This morning in our house:
Arnie: Ok I'm going out to shovel the snow, watch my phone
Rebekah: Why?
Arnie: In case we get "the call"
Rebekah: Oh right, on it! We better program the number in so we know if they call too! We are kinda pathetic aren't we?
Arnie: I'll just bring the phone with me
Yes, I realize how pathetic this is, but every time the phone rings I get this serge of adrenaline. I realize that it will probably be months from now that we get the call, but somehow I can't stop the thought, "what if it's the call", every time I hear a ring. I thought I was the only desperate one until this morning, when Arnie told me to watch the phone haha, now I know we are both in the same place of desperation. 75% of our conversations are about our child, going to Ethiopia, parenting, decorating a child's room, naming our child...etc etc. It is pretty much non-stop between us. I love knowing how excited my husband is, I love doing this together! I was watching my nephew, laughing and playing with him and Arnie asked if I secretly just wanted to get pregnant. My response: "No way, I want my chocolate babies more than anything!" To which he said, "Good, me too." Although this journey has been a hard one, full of pain and heartache, God had brought Arnie and I together. He has called us to something different, to something awesome and I am so happy He chose this path for us. At times I thought I had been cursed with infertility, but I know that I have truly been blessed with infertility. I would not have needed God in the same way, I would not have needed my husband, family and friends in the same way...and I would never get to have a chocolate baby!! Sometimes our "curses" are actually our blessings, we just have to learn to see it that way
I am so glad you are back to waiting for the call!

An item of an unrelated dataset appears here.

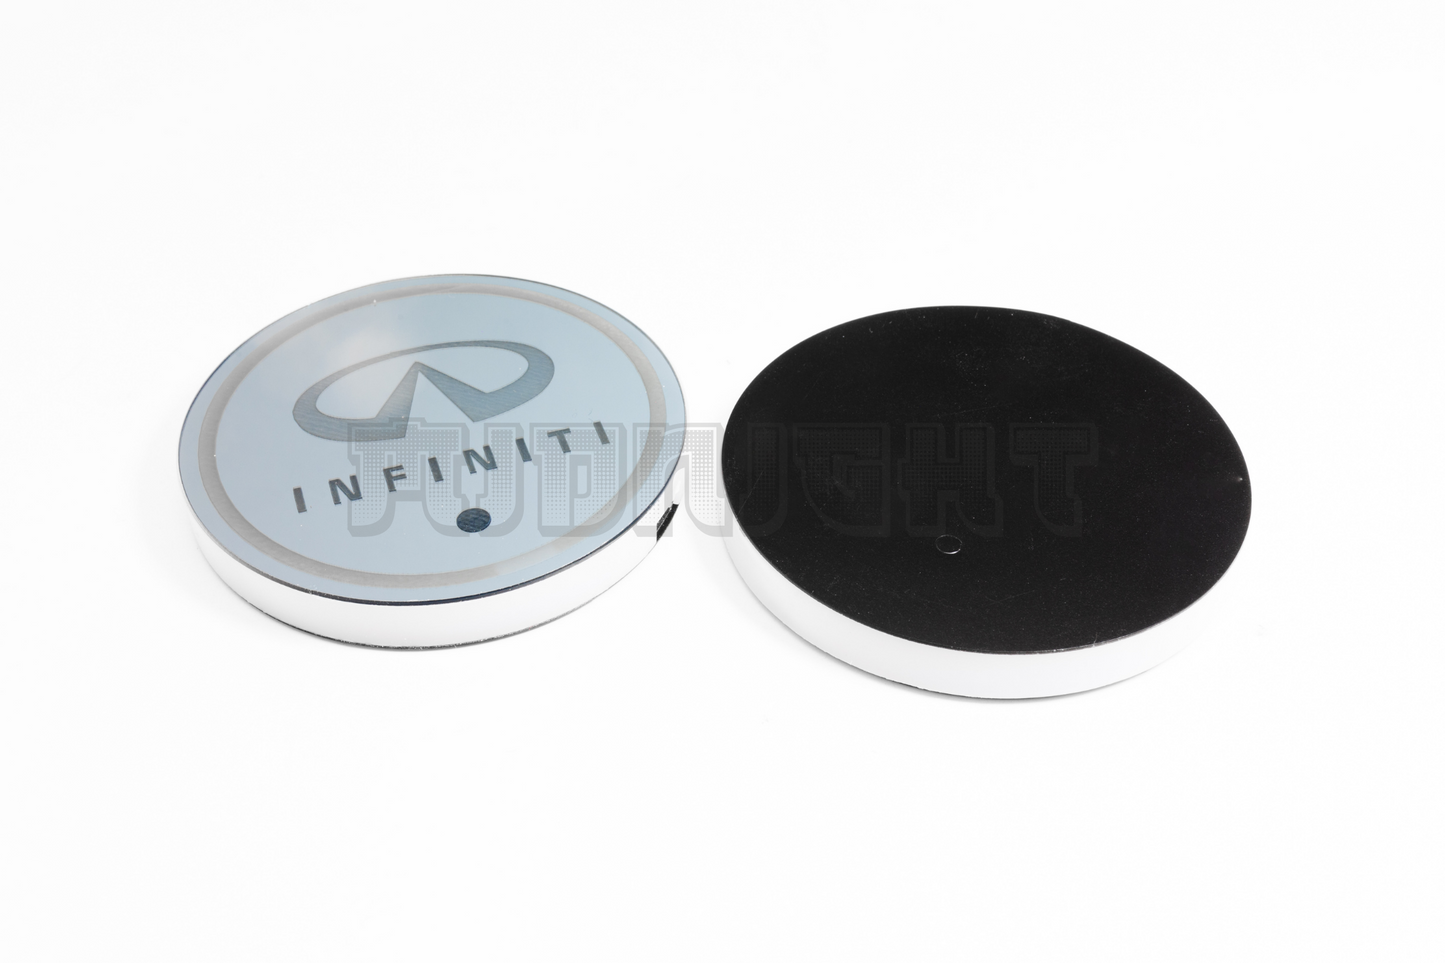 Infiniti LED Cup Holder Coaster

ReplyDeleteI can't wait to join you in the land of 'jumping at every phone call!'
Here's to happy news!
Claire
Can't wait to read your post about "Your Call". I can't wait until we all get "The Call".
ReplyDeleteMarie
I can hardly wait to hear too!
ReplyDeleteWhat a beautiful perspective, Beka - to see our curses as blessings. It's such a wonderful relief to come to the place of seeing infertility as a blessing. I can completely relate!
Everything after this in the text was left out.